A week of blogging. Ingredients of basic distribution-analysis with Mahout ? Hadop debugging via simple log service. Missing New York. Reflecting on current state of information security. Jetty-based hadoop log service in 10 minutes. Maven made simple app development as a brick-packing. Trivial codebase mixing with direct pushes to local repo. Unfortunately, adding dependencies to complex maven hierarchy can be challenging. Used to Maven copy-dependencies to lib/ , totally forgot about Hadoop ways and put-it-all-in-task jar paradigm. Oh, well. We're good now.
Betrayed by the data. Creating algorithms that promise data-magic can be quite ungrateful at the payday. Don't commit to results. Get outlook estimates fast. Always keep the pessimistic edge. Checking out multipart MIME in support of http streaming work.
Iterating on Mahout design. Cabernet taste. Simple distribution statistics task in progress. Moving to 2-space indent. Going for hadoop-free mahout tasks. Interesting set of *Job interfaces, not sharing anything but runJob() convention. The chaos of dfs files management. Can't run two processes in parallel. Summoning trouble. DFS might allow concurrent access, but code usually doesn't. Visualizing general tree-like code architecture.
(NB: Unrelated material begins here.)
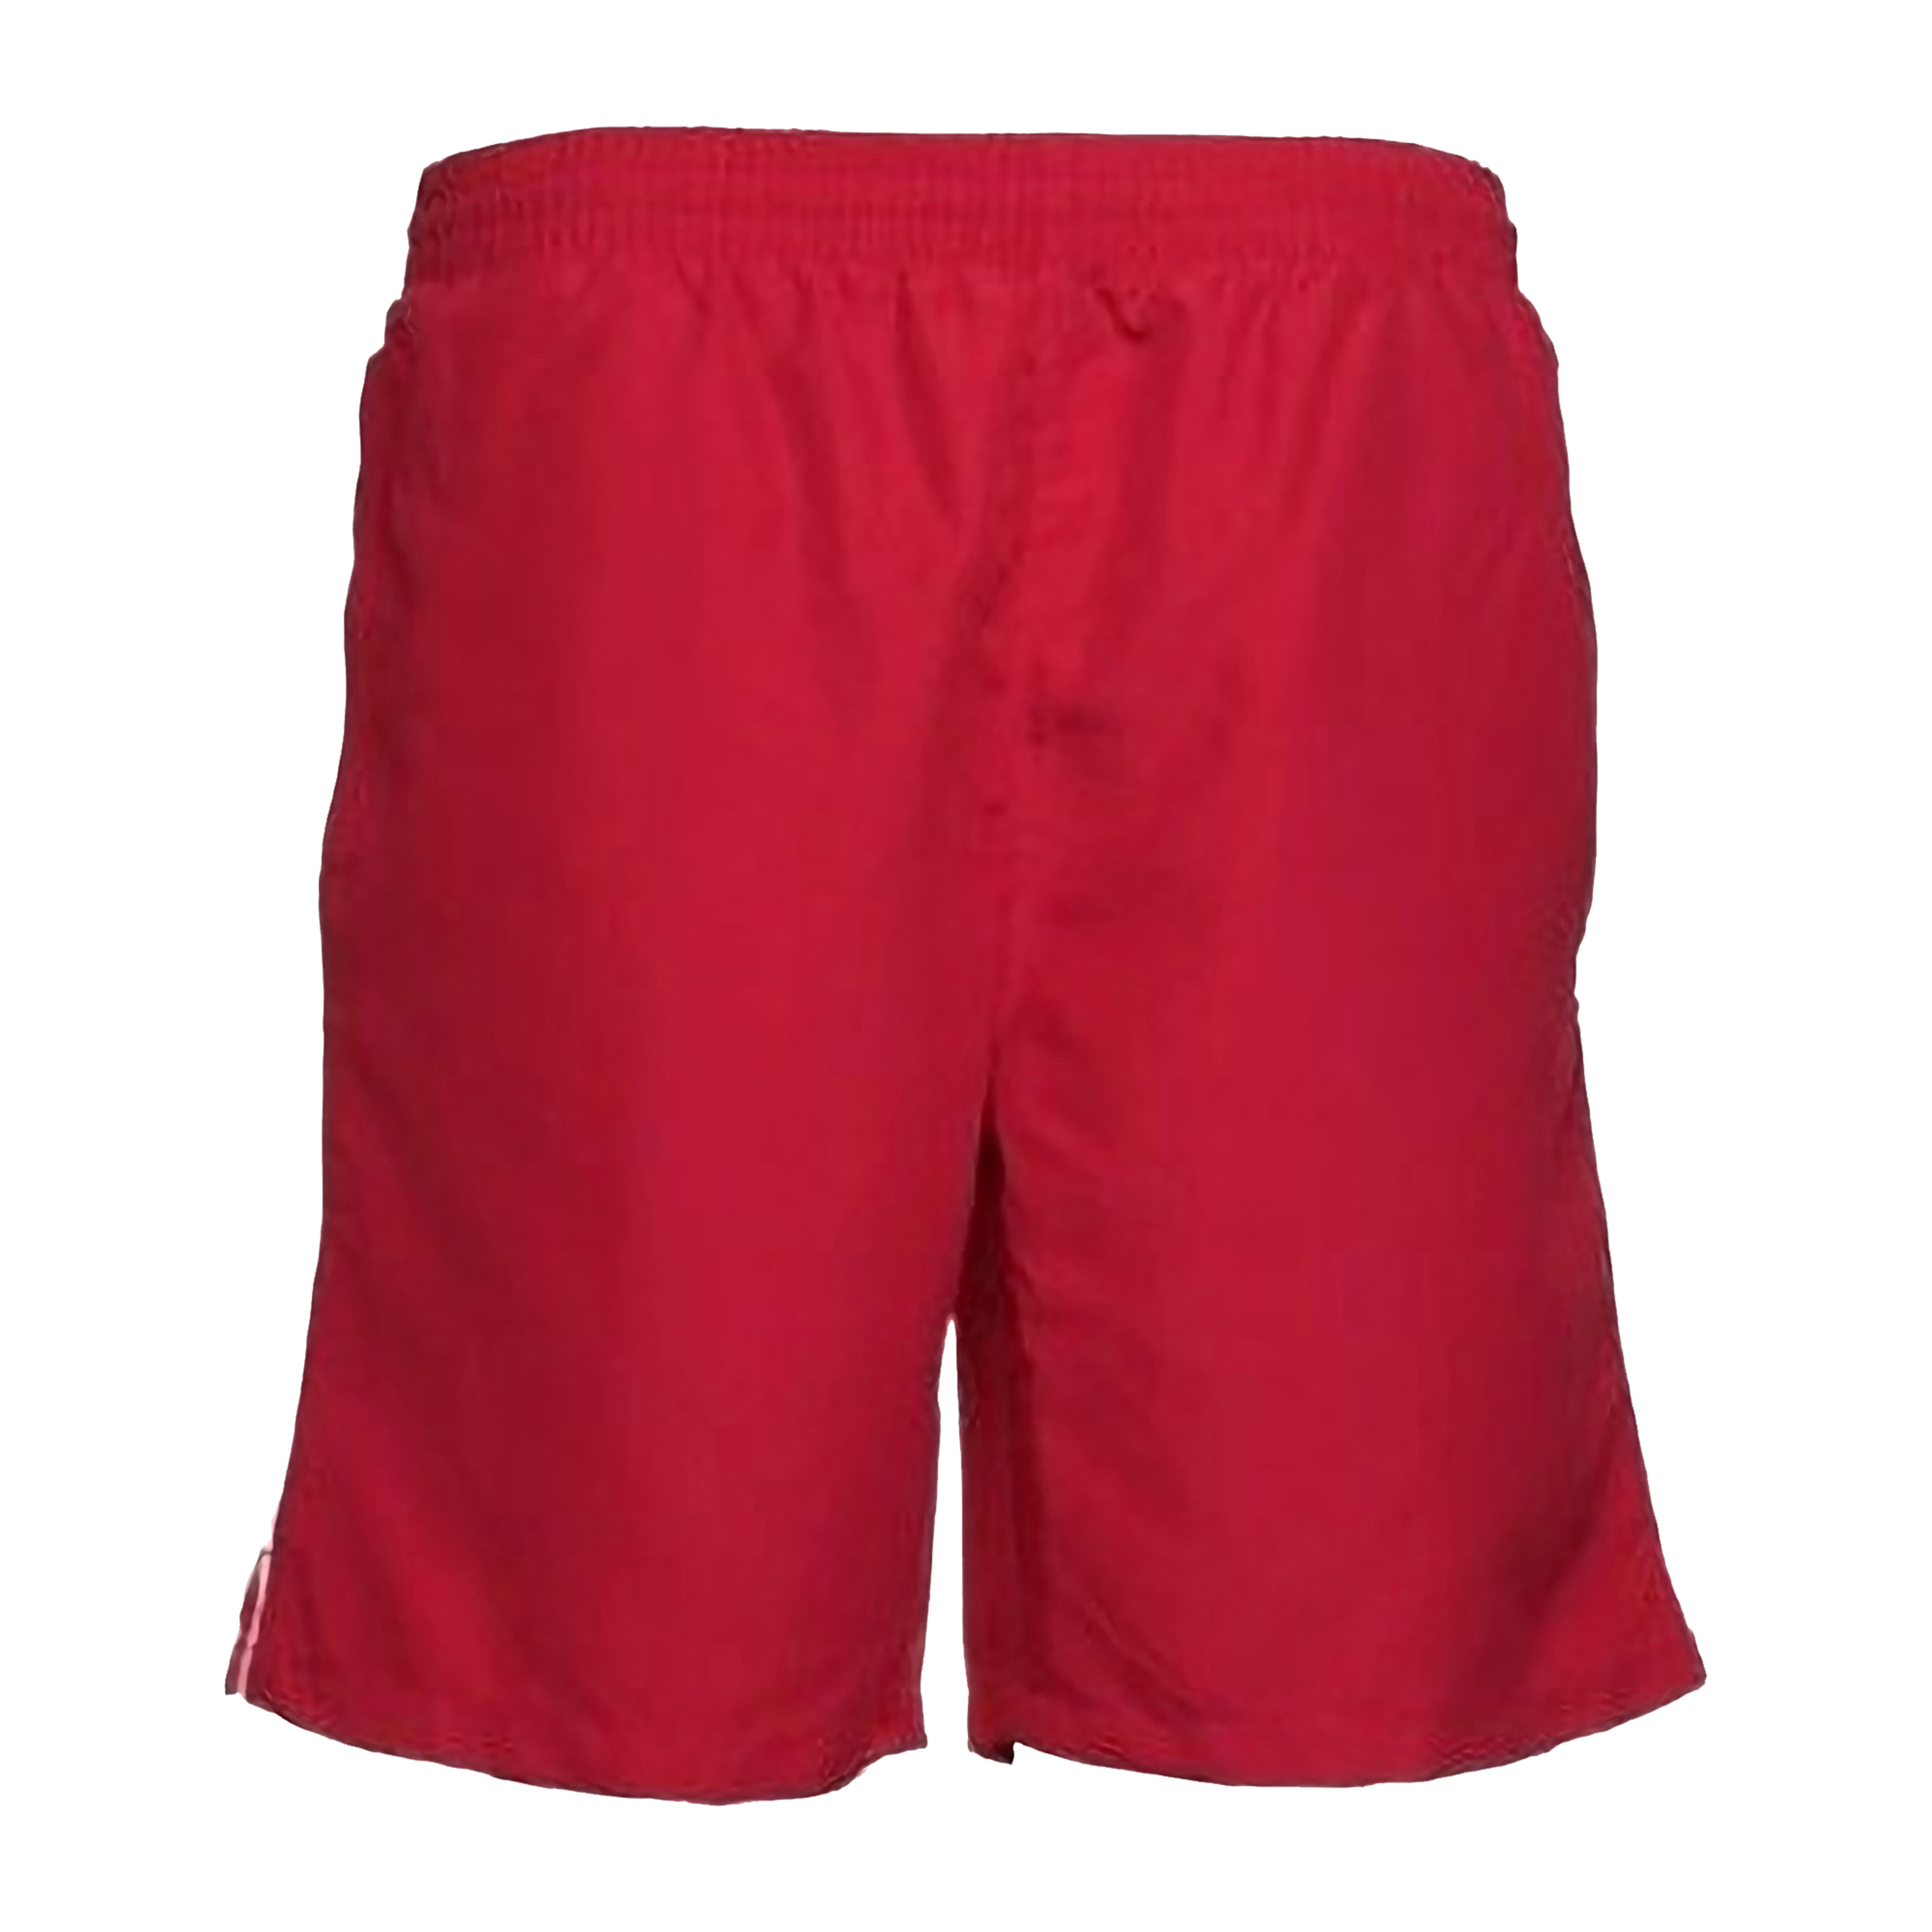 Pantalones Cortos De Deporte Gym/running/verano Gamegear - rojo -

Mahout-157 Frequent Pattern Mining using Parallel FP-Growth. Interesting. Machine Learning in Computational Finance, Victor Boyarshinov PhD thesis. Interesting overview of optimal trading strategies training and optimal separation learning. However, in practice, all of the useful topics actually fall under "Computational Statistics" umbrella.
Time. Ticking away.